In a statement, the Crown Prosecution Service (CPS) said Dr Bramhall wrote his initials on the livers of the two patients without their consent and for no clinical reason while working as a liver transplant surgeon at the Queen Elizabeth Hospital.

The CPS said he used a medical instrument called an argon beam coagulator – which seals bleeding blood vessels by directing a beam of electricity on to the area – to “burn” his initials on to their livers.

After Dr Bramhall’s pleas were entered, prosecutor Tony Badenoch QC said the Crown accepted the medic’s not guilty pleas in a case which was “without legal precedent in criminal law”.

Judge Paul Farrer allowed Dr Bramhall to stand in front of the dock, in the well of the court, as the surgeon pleaded guilty to assaulting a patient whose name is protected by a court order during an operation in August 2013.
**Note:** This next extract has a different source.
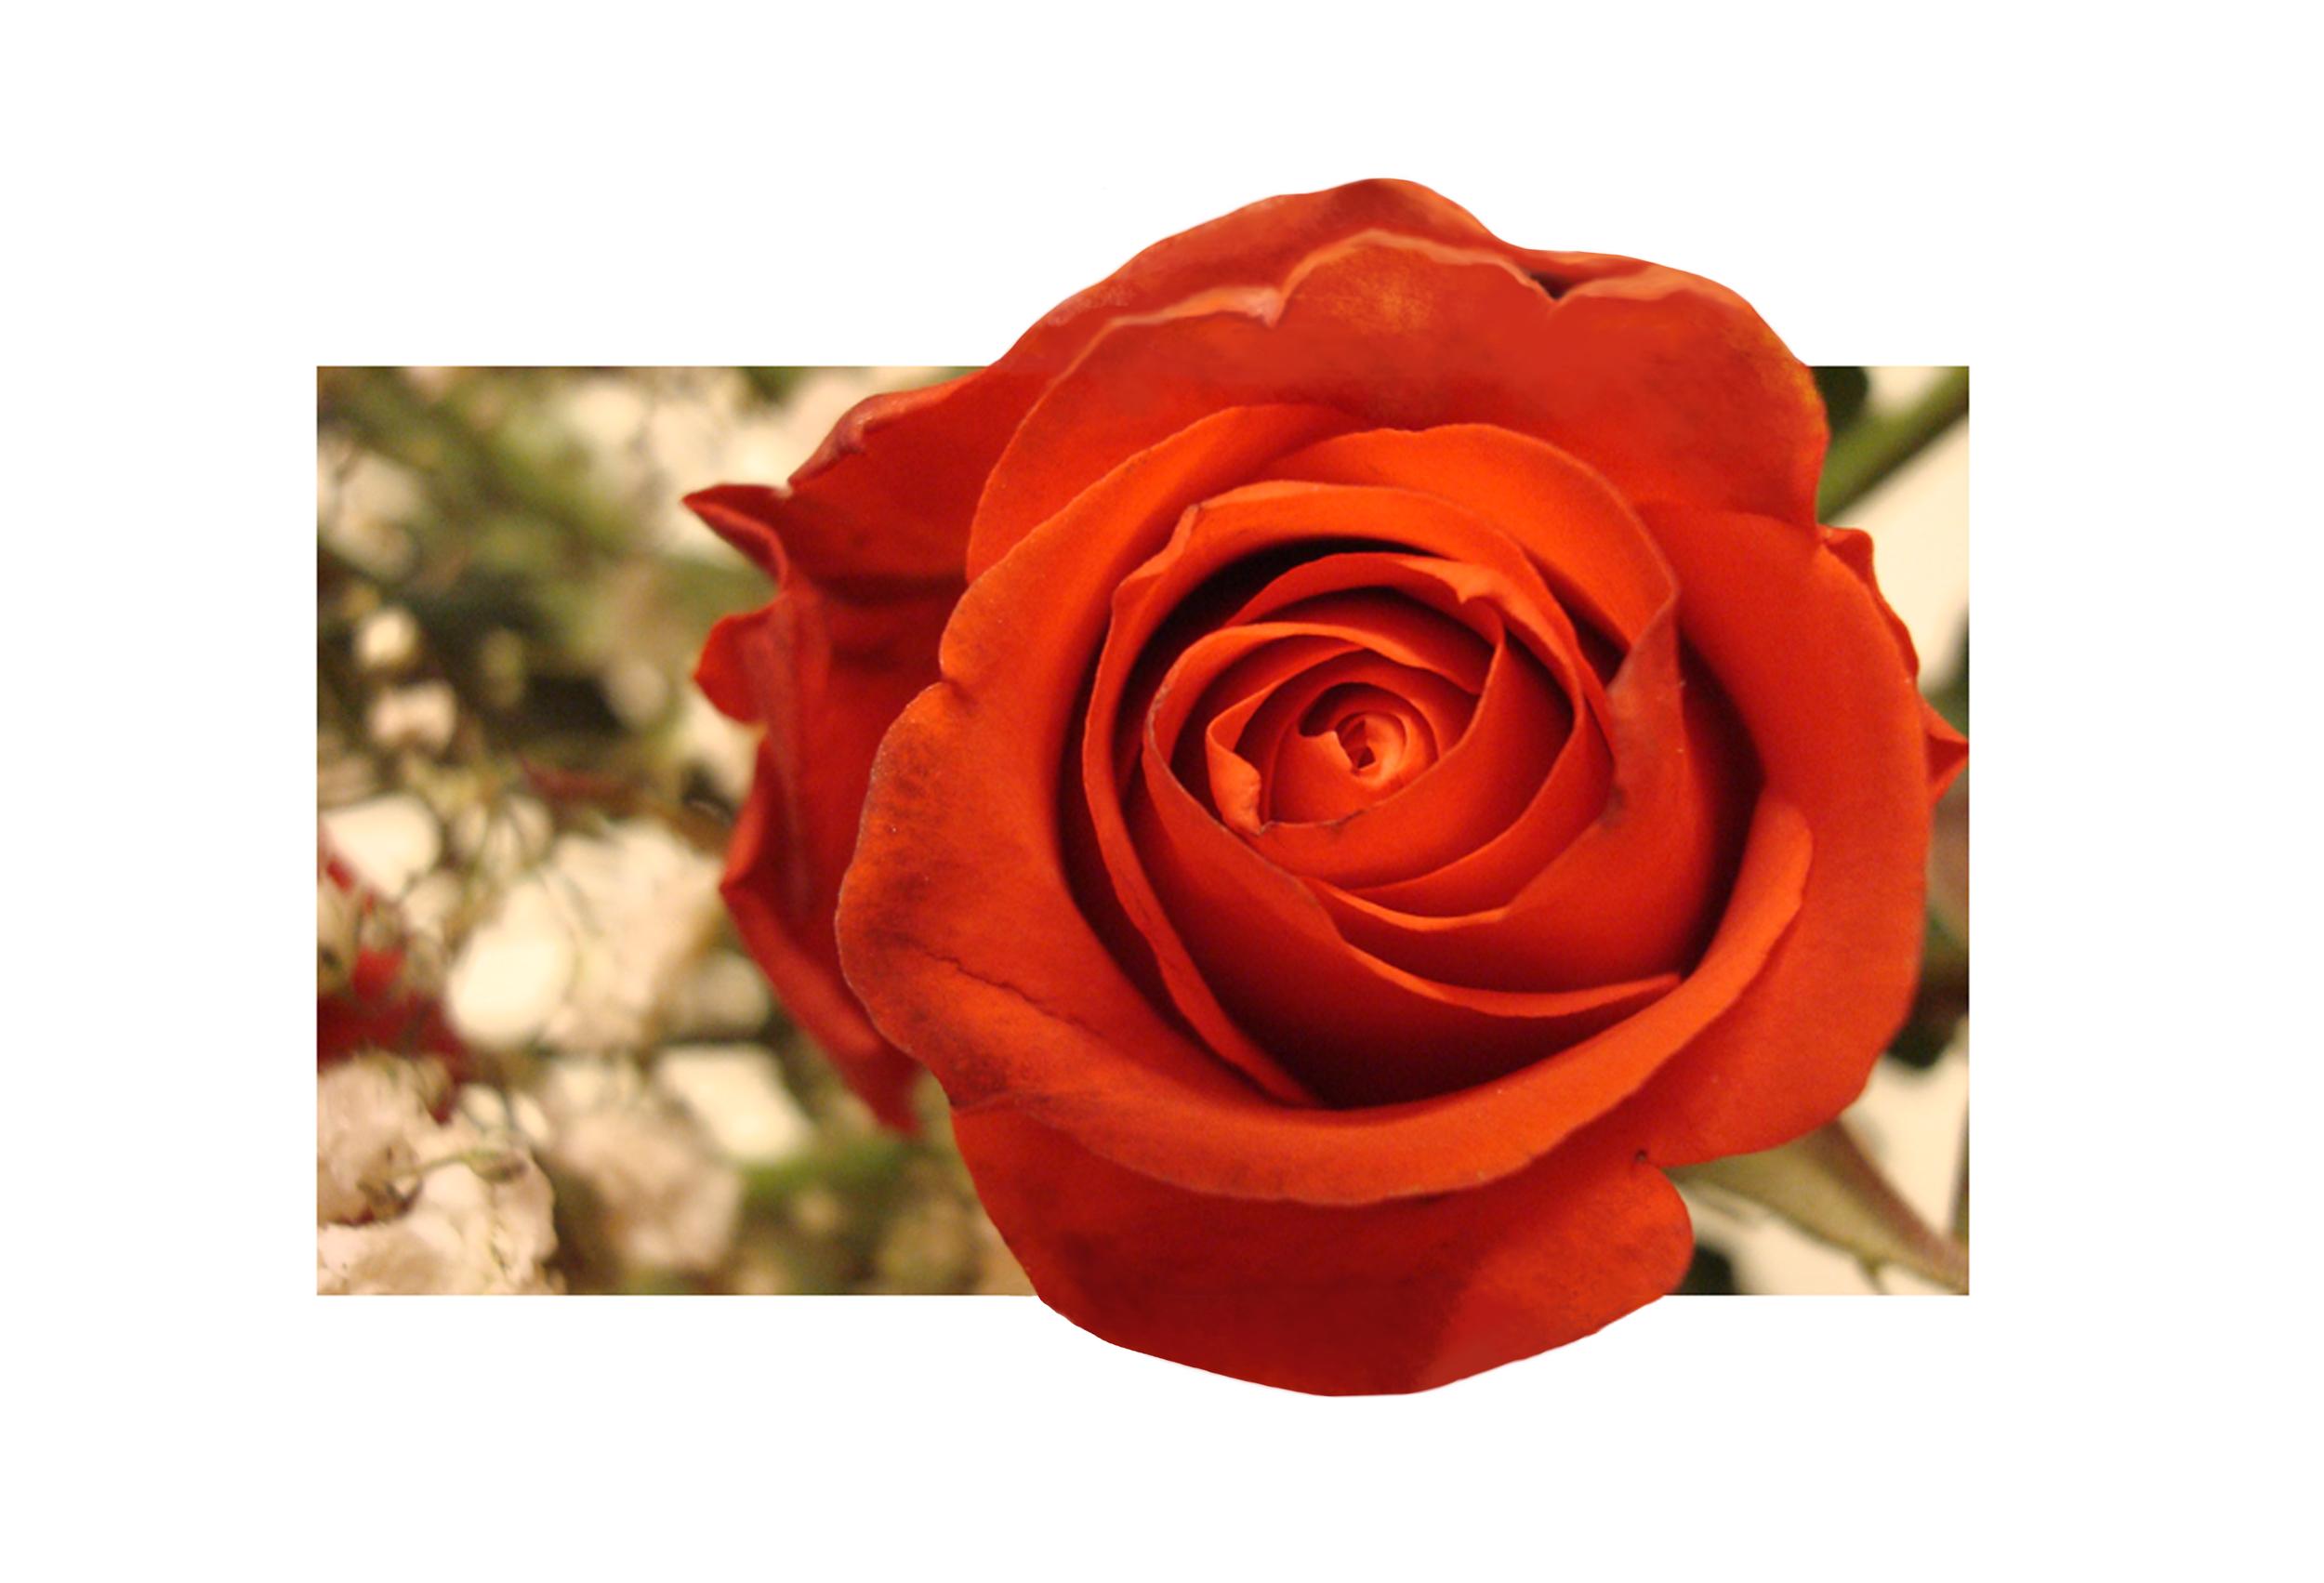 """The Rose"" - Jess Rudolph Photography: www.jessrudolph.com"

He also entered a guilty plea relating to an operation performed on an unknown patient in February of the same year.

Addressing the court after the pleas, Mr Badenoch said: “This has been a highly unusual and complex case, both within the expert medical testimony served by both sides and in law.

“It is factually, so far as we have been able to establish, without legal precedent in criminal law.”

The barrister added that Bramhall was employed as a consultant surgeon in Birmingham at the time of the transplant operations and that both patients had been under anaesthetic.

“The pleas of guilty now entered represent an acceptance that that which he did was not just ethically wrong but criminally wrong,” Mr Badenoch told the court.

“They reflect the fact that Dr Bramhall’s initialling on a patient’s liver was not an isolated incident but rather a repeated act on two occasions, requiring some skill and concentration. It was done in the presence of colleagues.”

Describing the offences as an abuse of position, Mr Badenoch said they had been carried out with a disregard for the feelings of unconscious patients.